_PROMPT:_ Repeat exactly the lines below, from the line containing "the_village_florist_castlemartyr_shop.jpg" through the last line, both included. Leave out any pictures.

_GIVEN DATA:_
────────────────────────────────────────

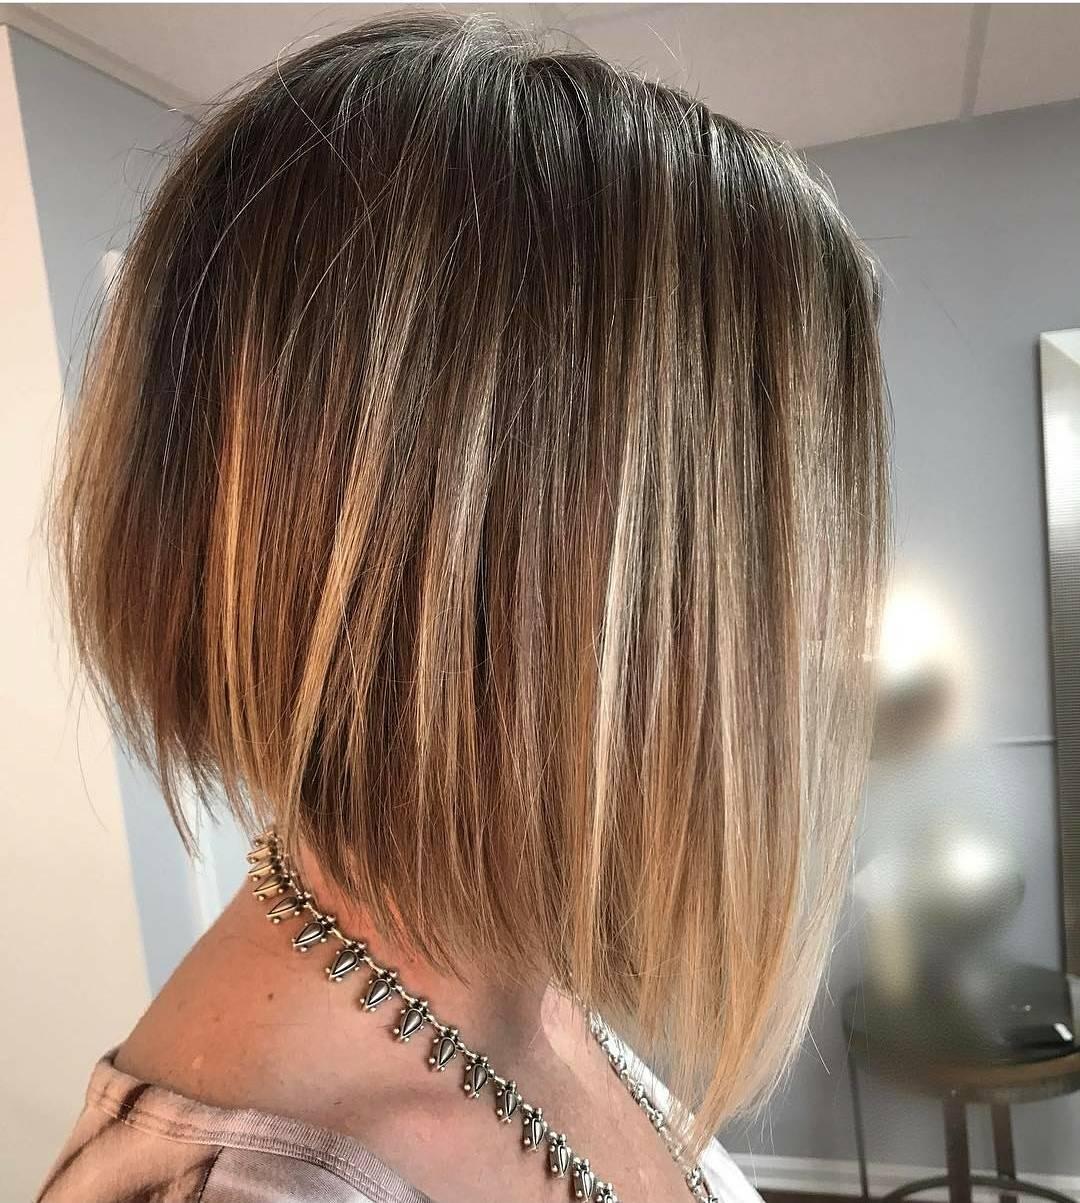 10 flattering short straight hairstyles, 2018 latest short haircut
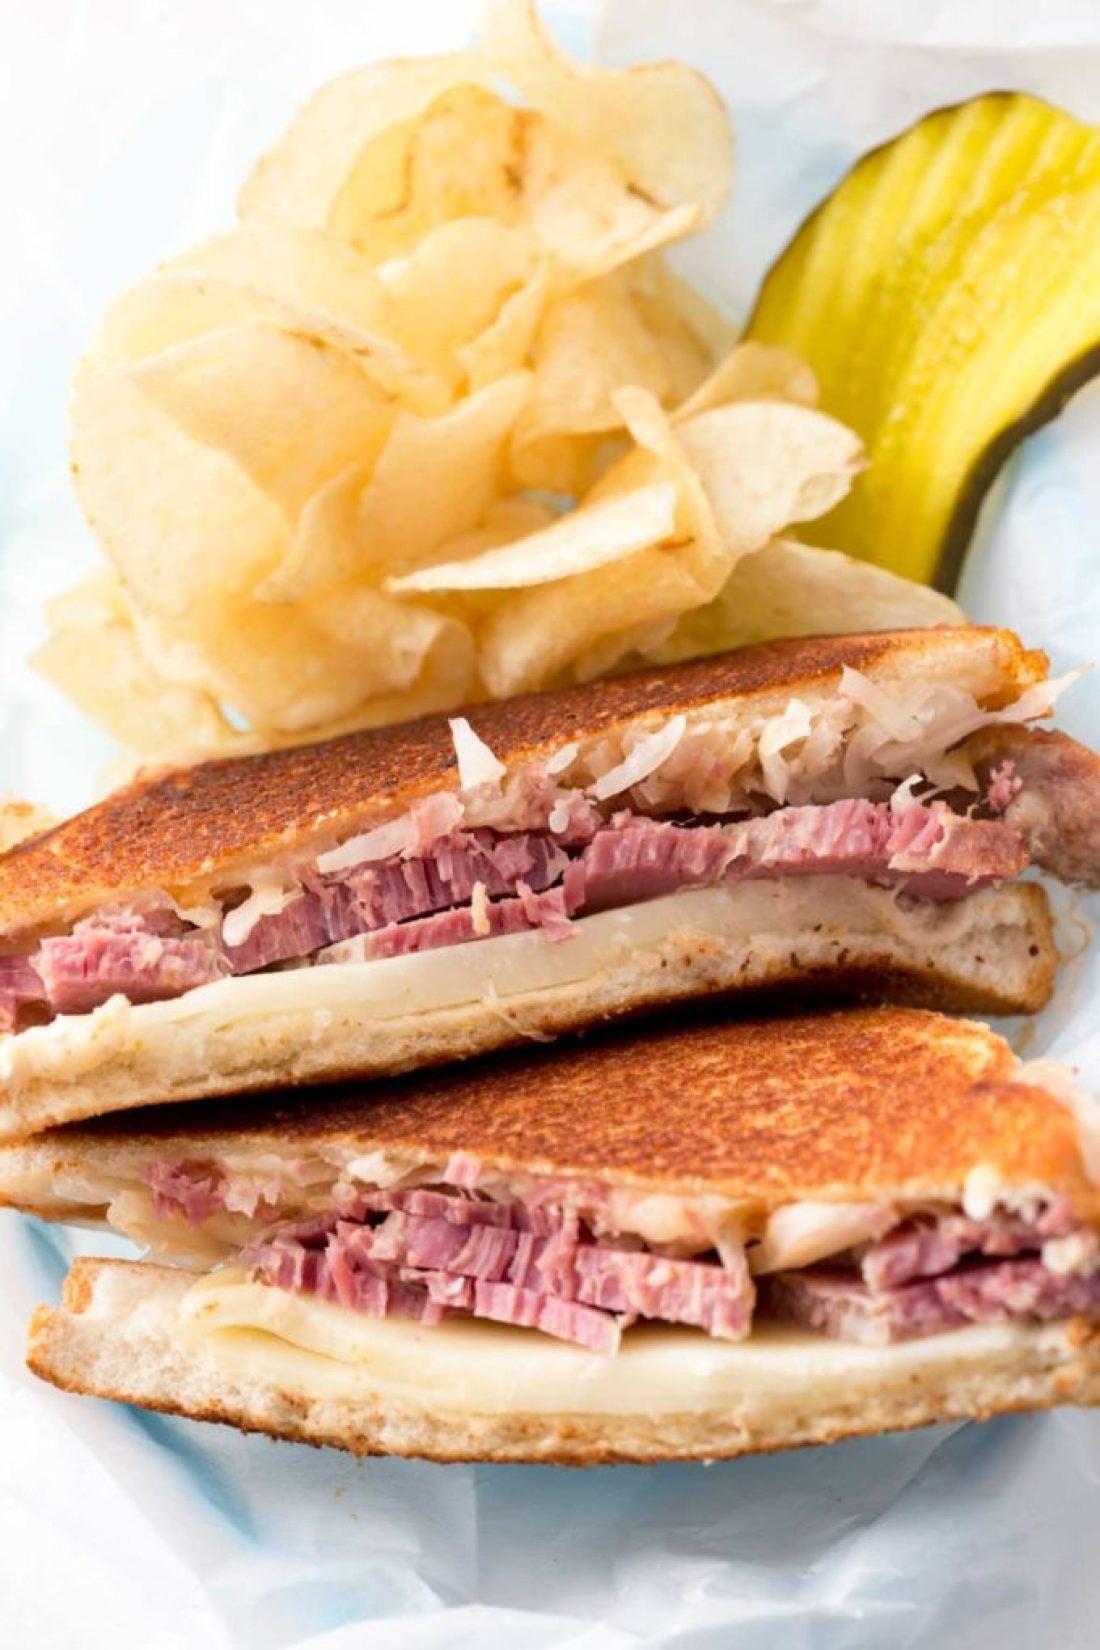 Updated reuben sandwich recipe using white bread
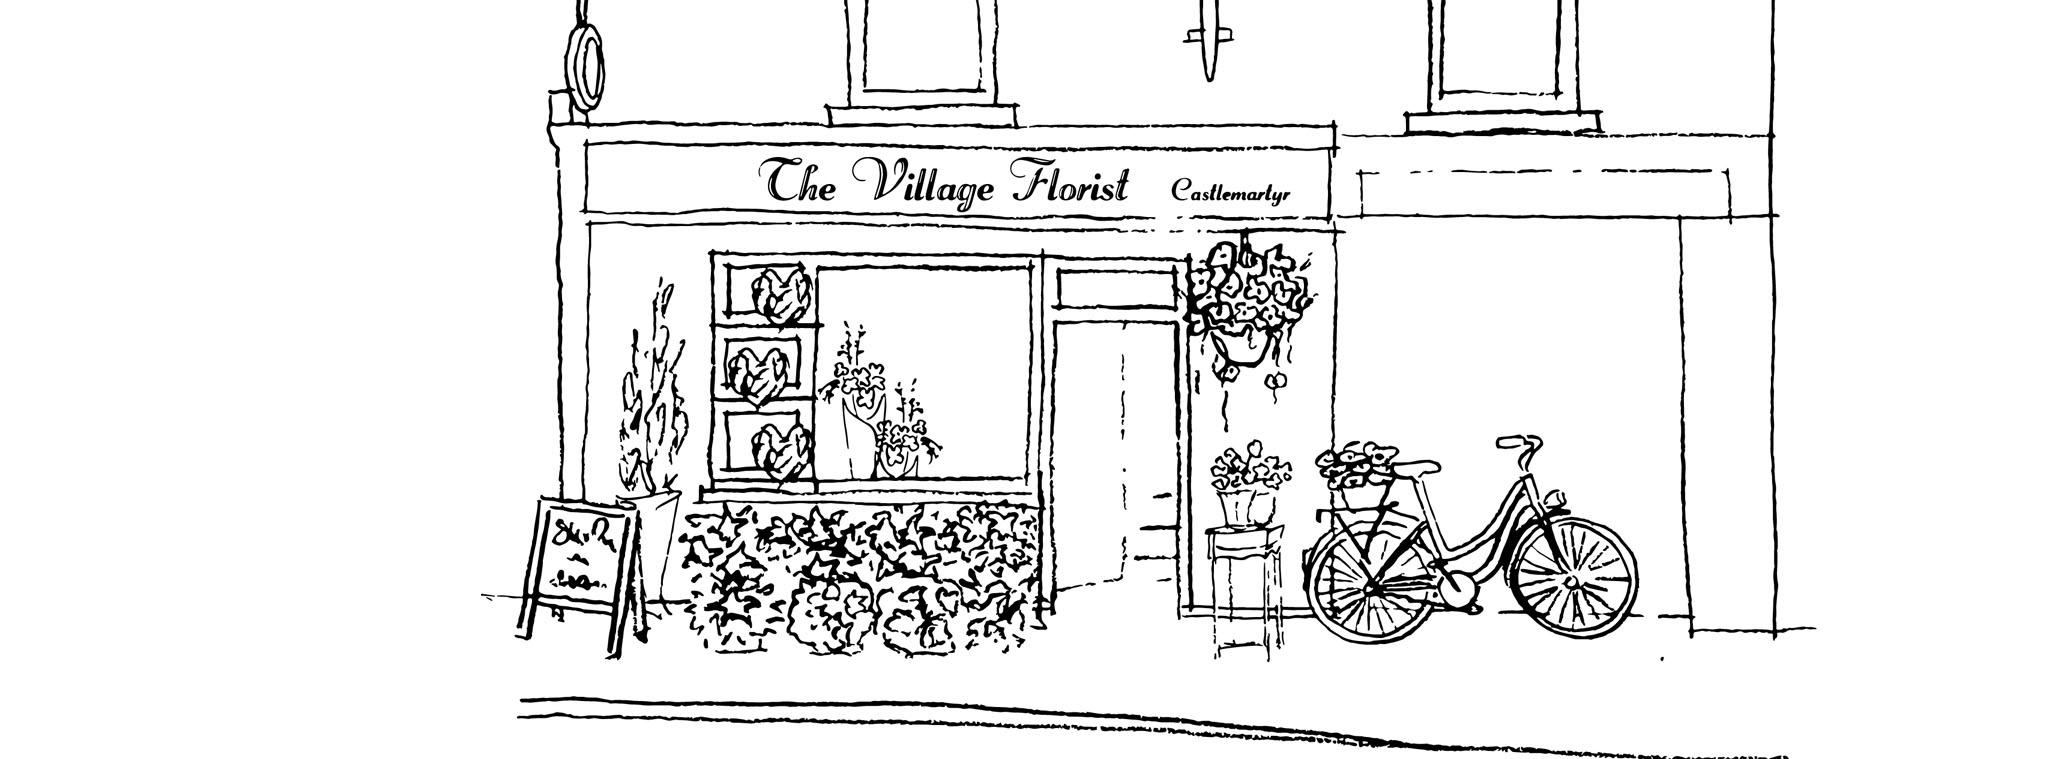 the_village_florist_castlemartyr_shop.jpg
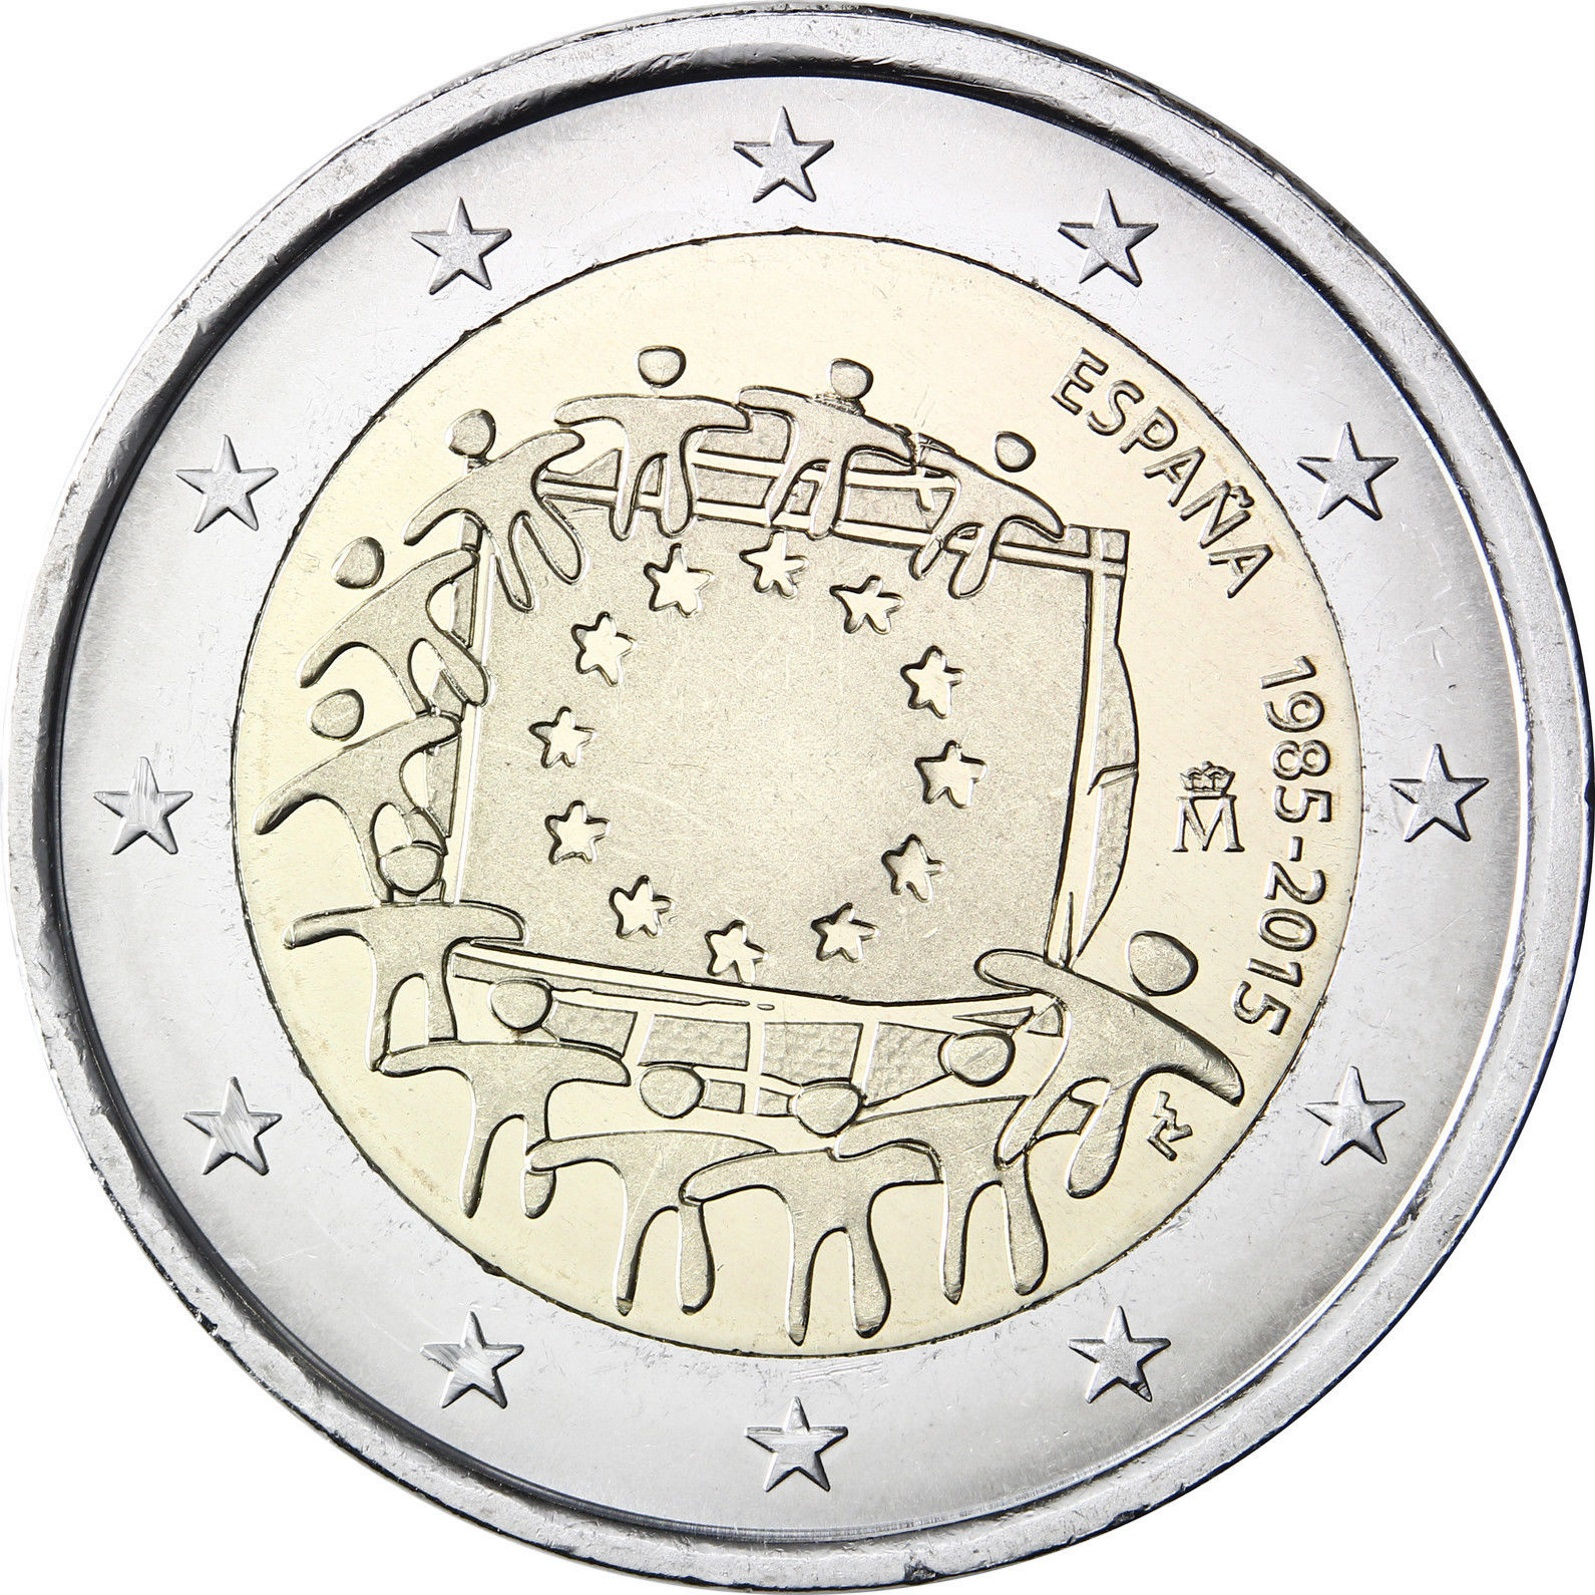 spain 2 euro 2015 30th anniversary of the eu flag eur30446

────────────────────────────────────────

_OUTPUT FOR THIS EXERCISE:_
 the_village_florist_castlemartyr_shop.jpg
 spain 2 euro 2015 30th anniversary of the eu flag eur30446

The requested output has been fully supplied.